Top of Data provided
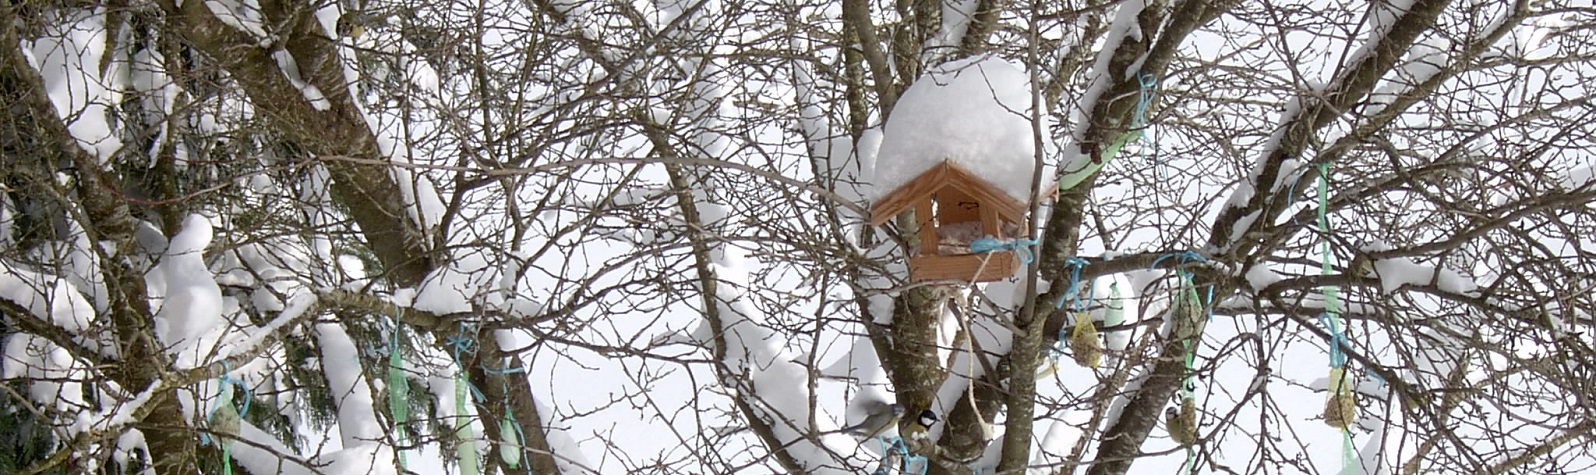 Vogelhaus im Winter - Slide 2
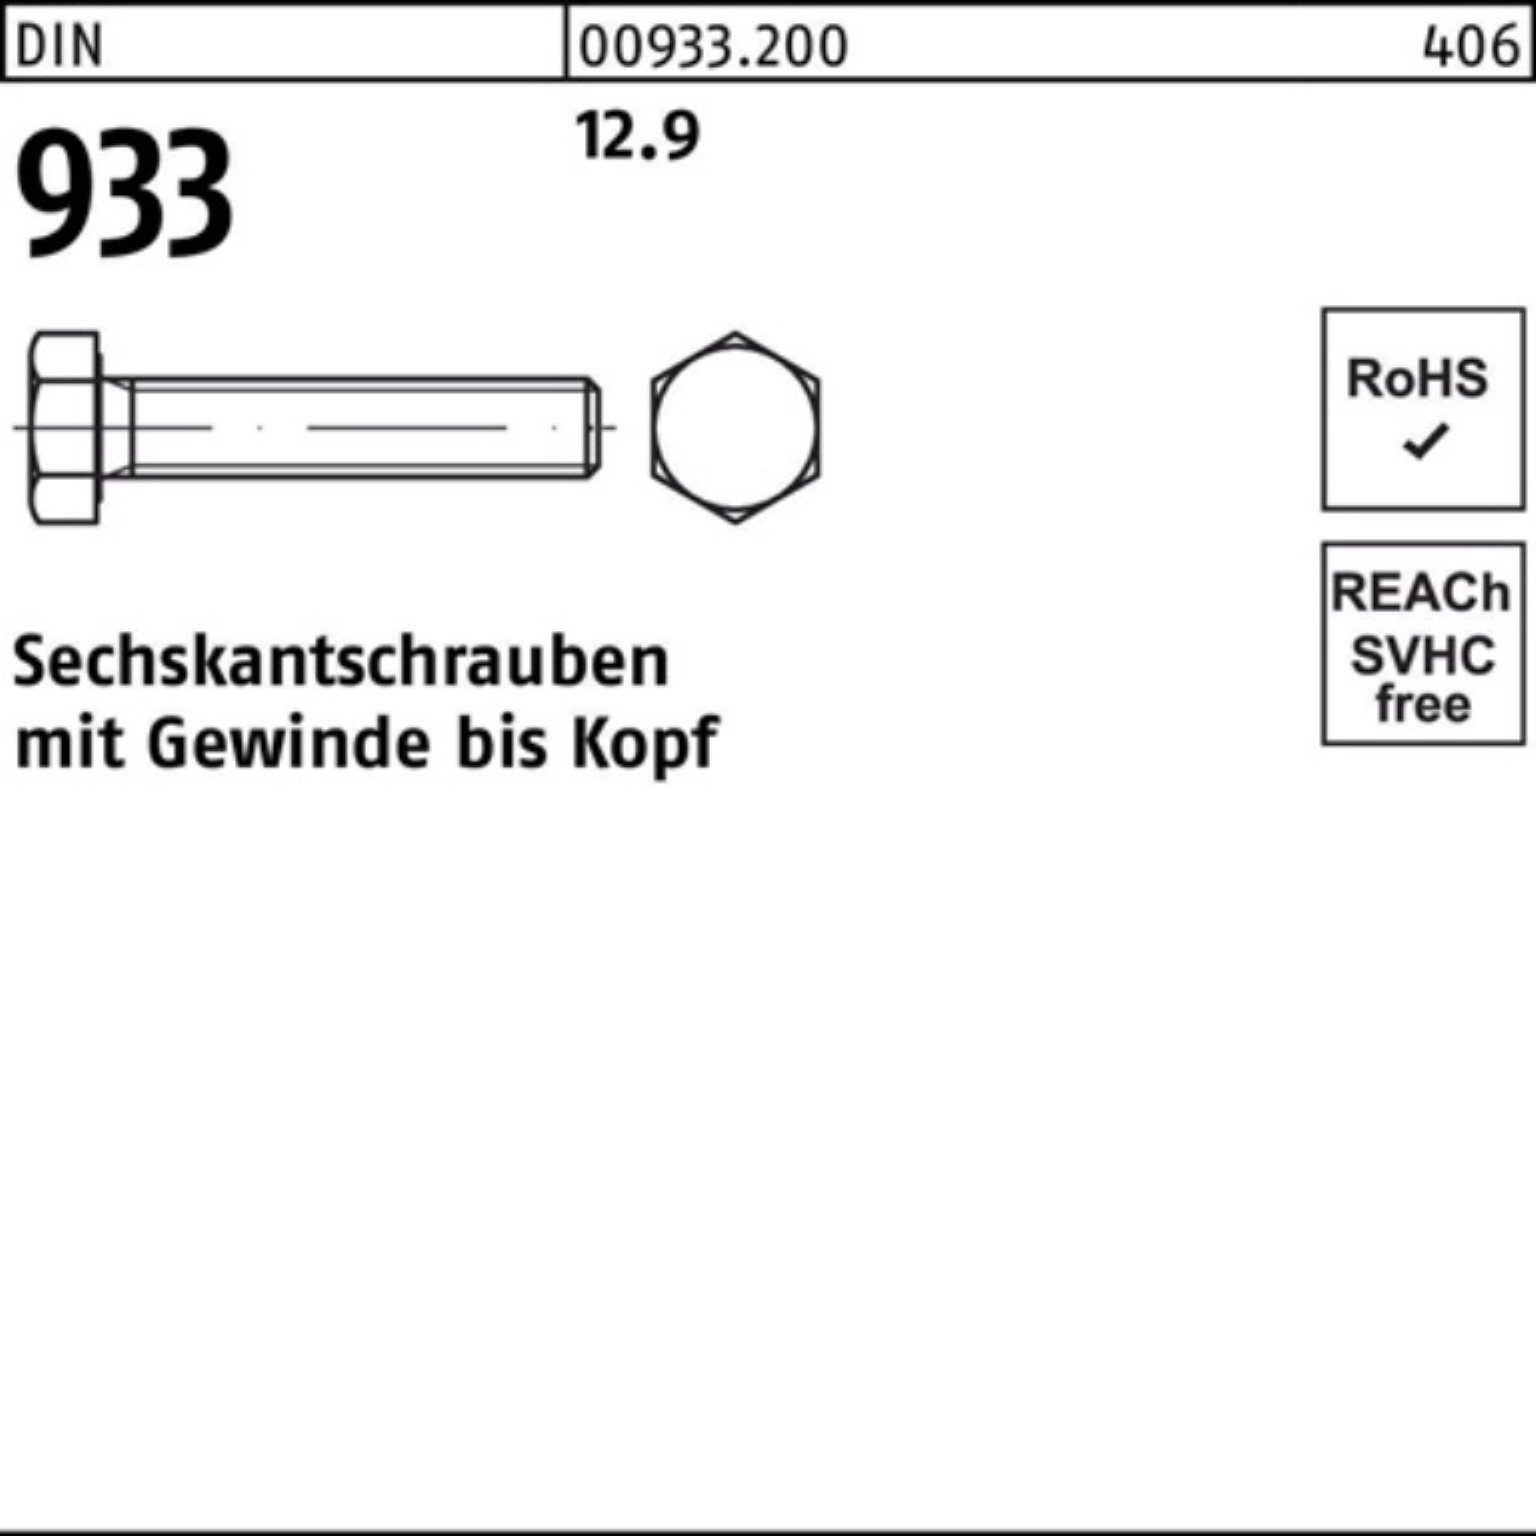 200 VG Pack 933 Sechskantschraube 933 12.9 M8x Reyher DIN DIN 200er Sechskantschraube Stück 25
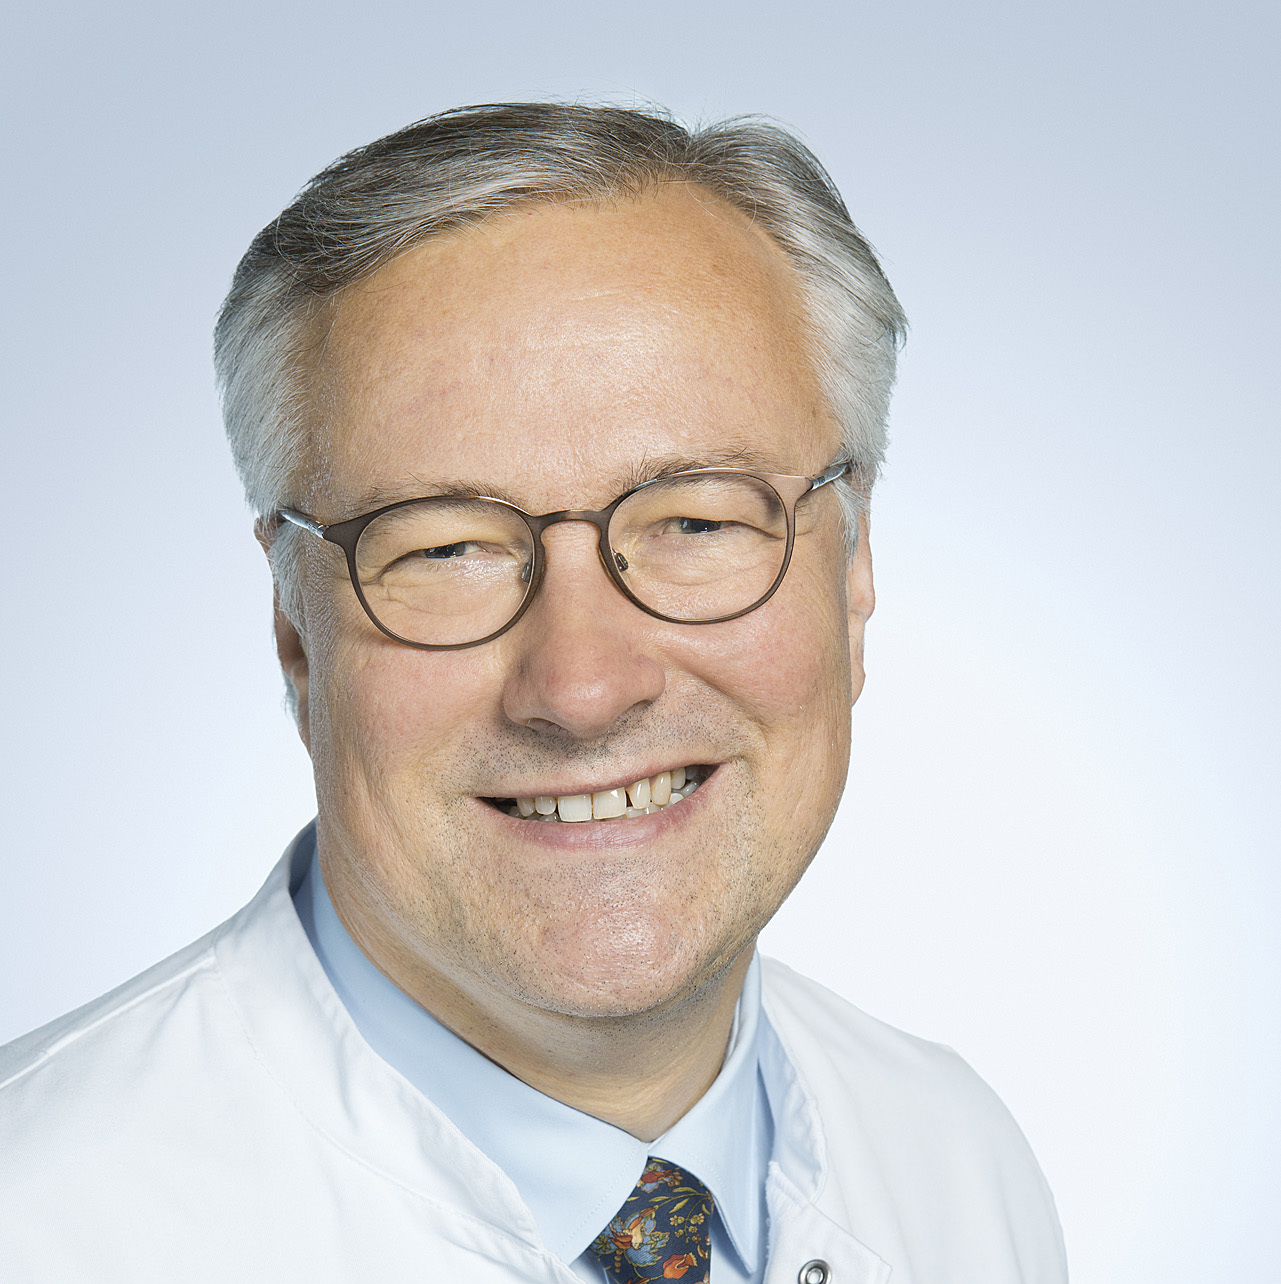 FOCUS: Prof. Walter ist Top-Mediziner für diabetische Augenerkrankungen
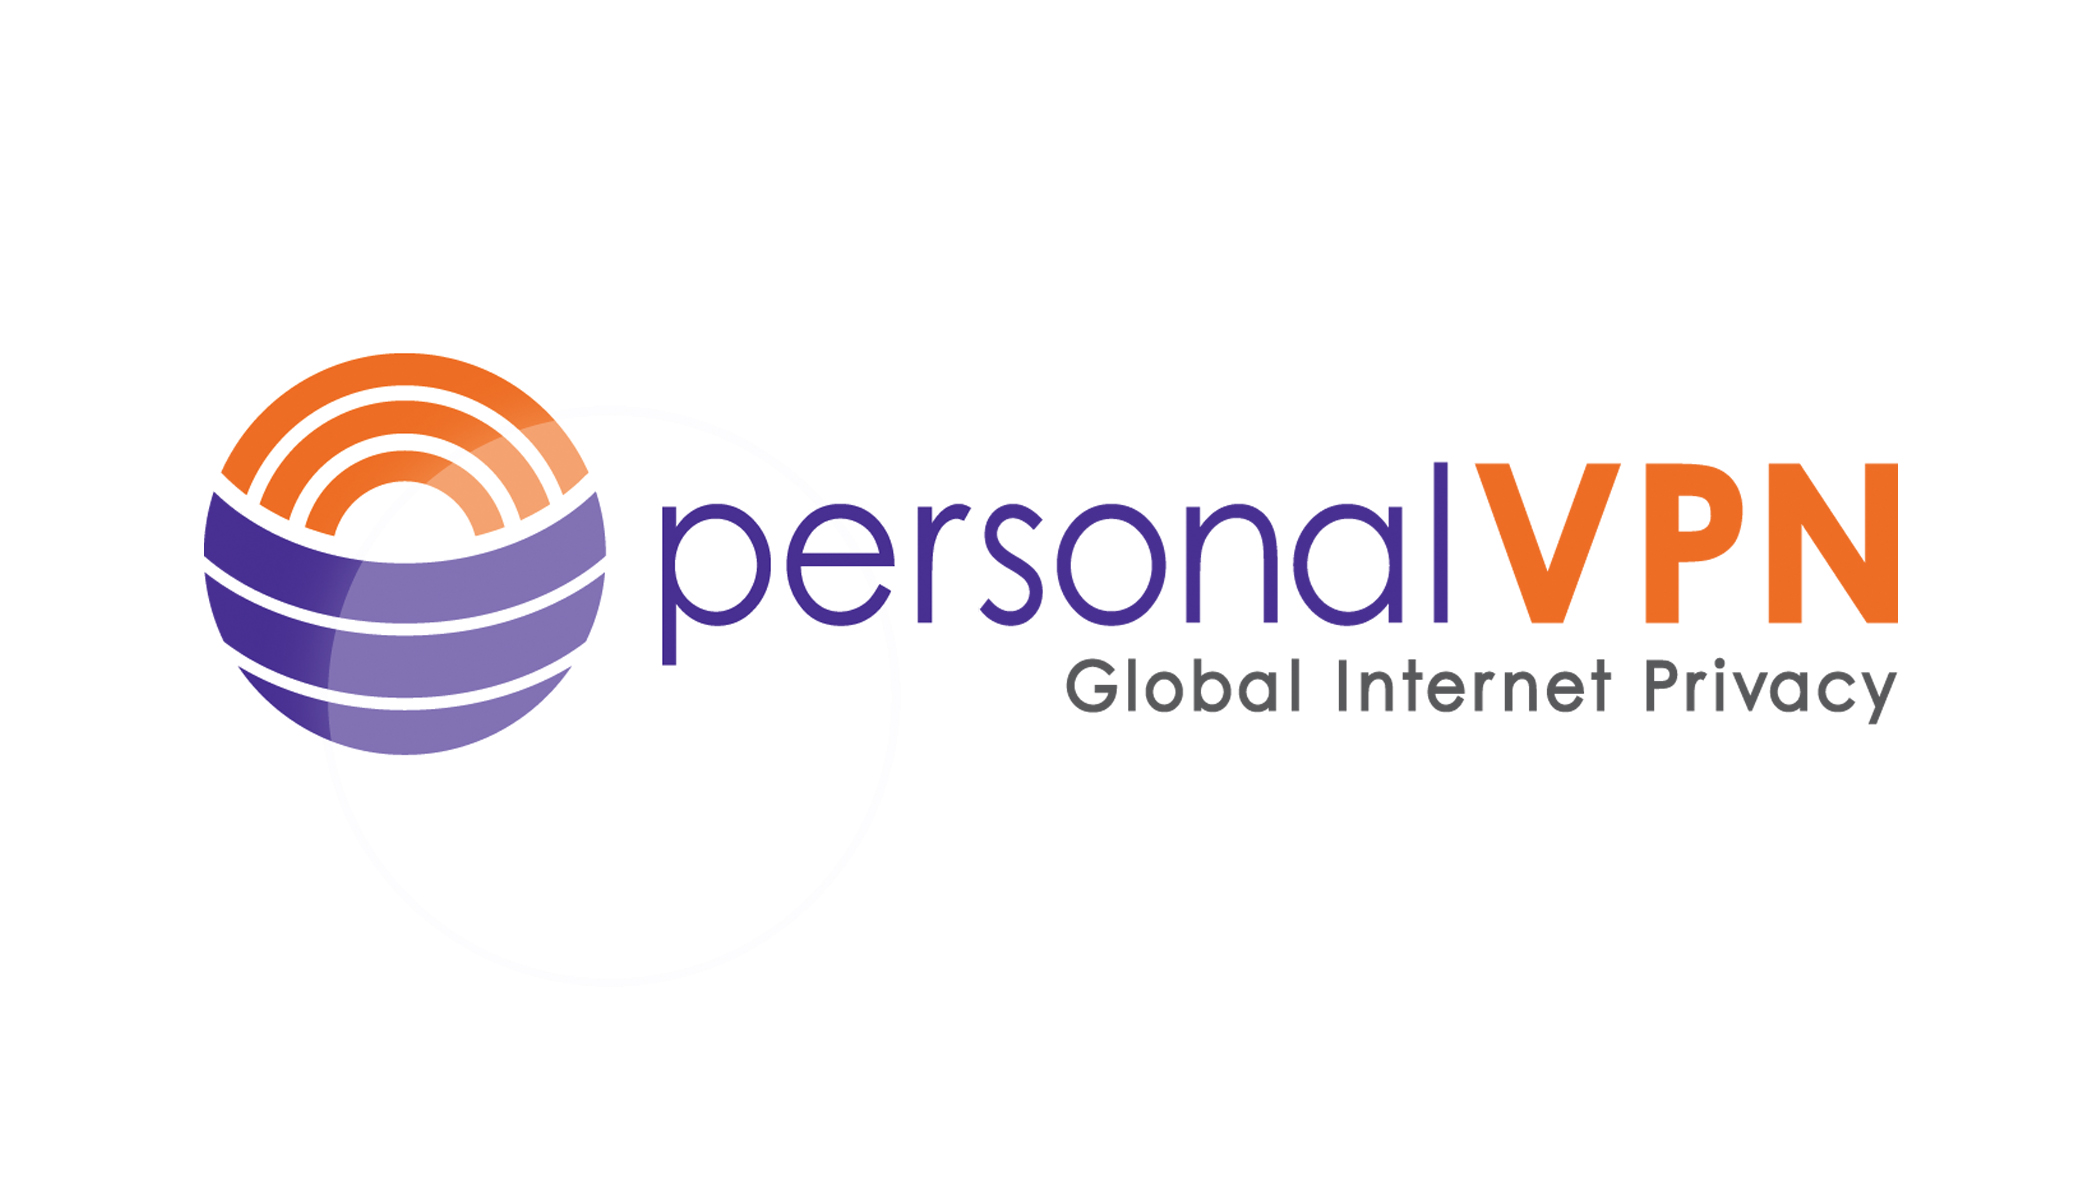 personalVPN_Logos.jpg
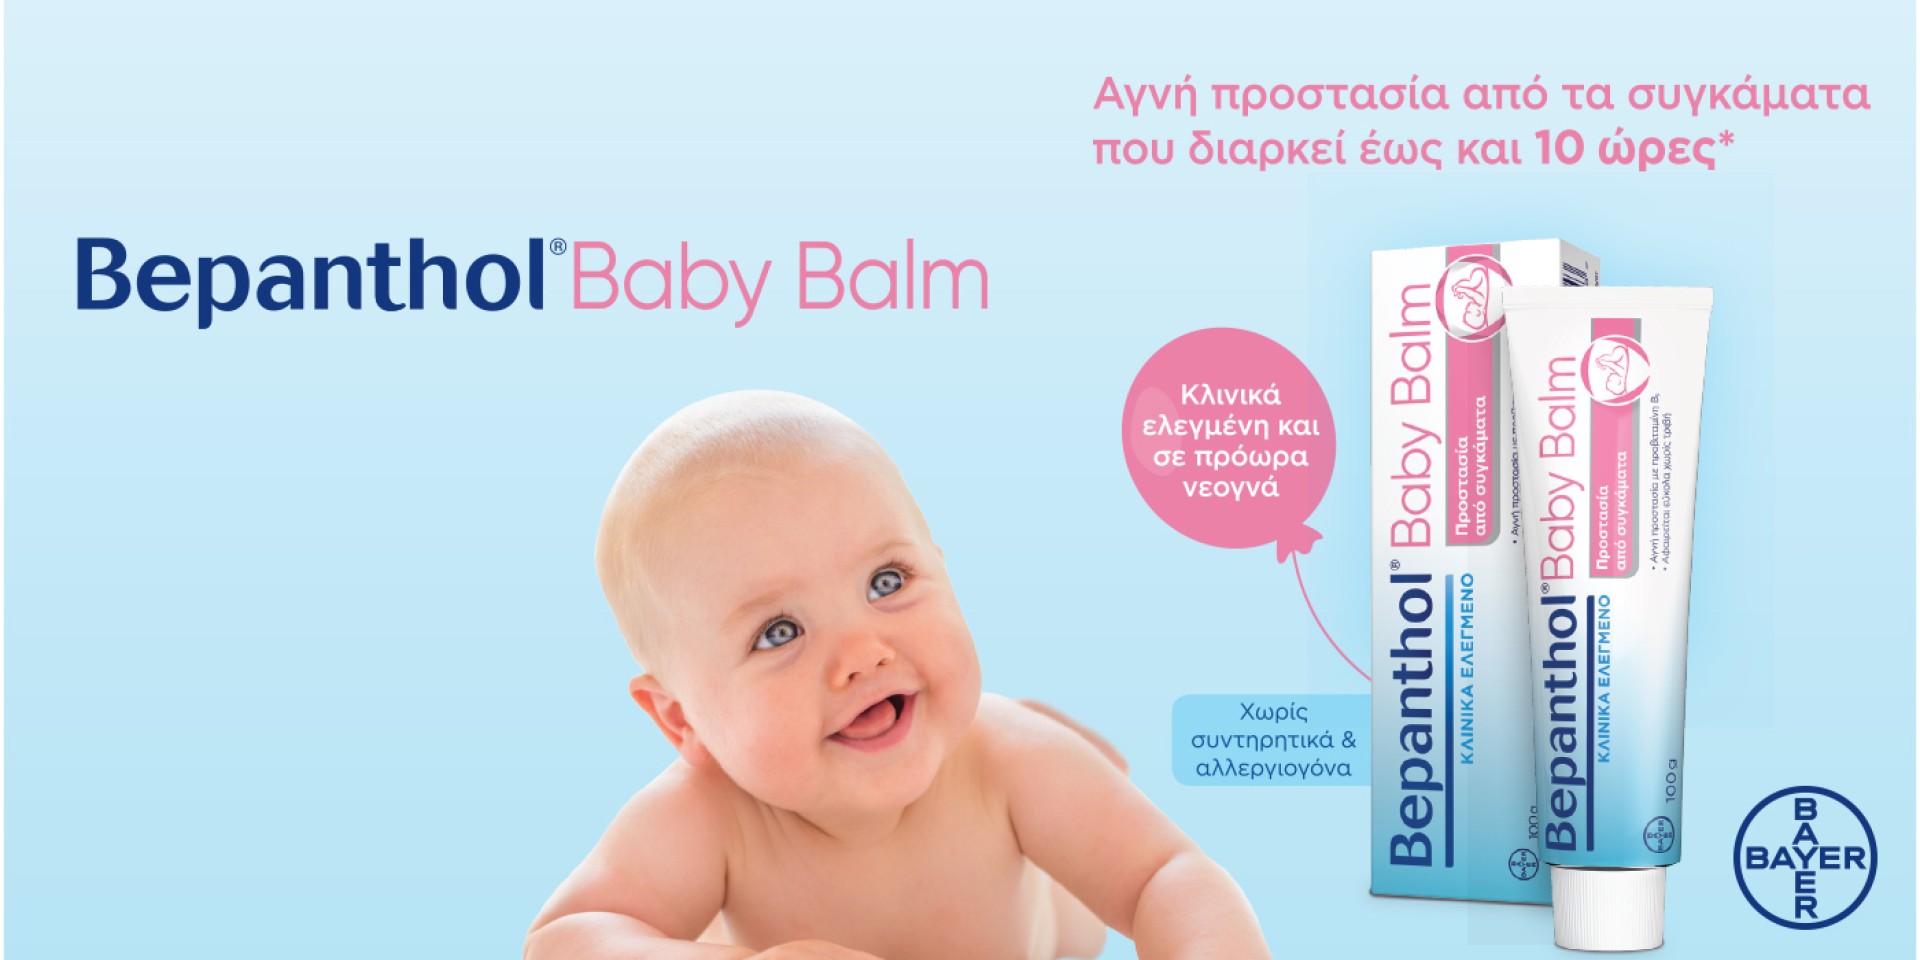 Ανακαλύψτε την εξαιρετική φροντίδα Bepanthol Baby Balm, για το μωράκι σας!
Bottom of Data provided
*Exercise brief*
Word for word, set down each record shown above, omitting the pictures.

*Task answer*
 Vogelhaus im Winter - Slide 2
 200 VG Pack 933 Sechskantschraube 933 12.9 M8x Reyher DIN DIN 200er Sechskantschraube Stück 25
 FOCUS: Prof. Walter ist Top-Mediziner für diabetische Augenerkrankungen
 personalVPN_Logos.jpg
 Ανακαλύψτε την εξαιρετική φροντίδα Bepanthol Baby Balm, για το μωράκι σας!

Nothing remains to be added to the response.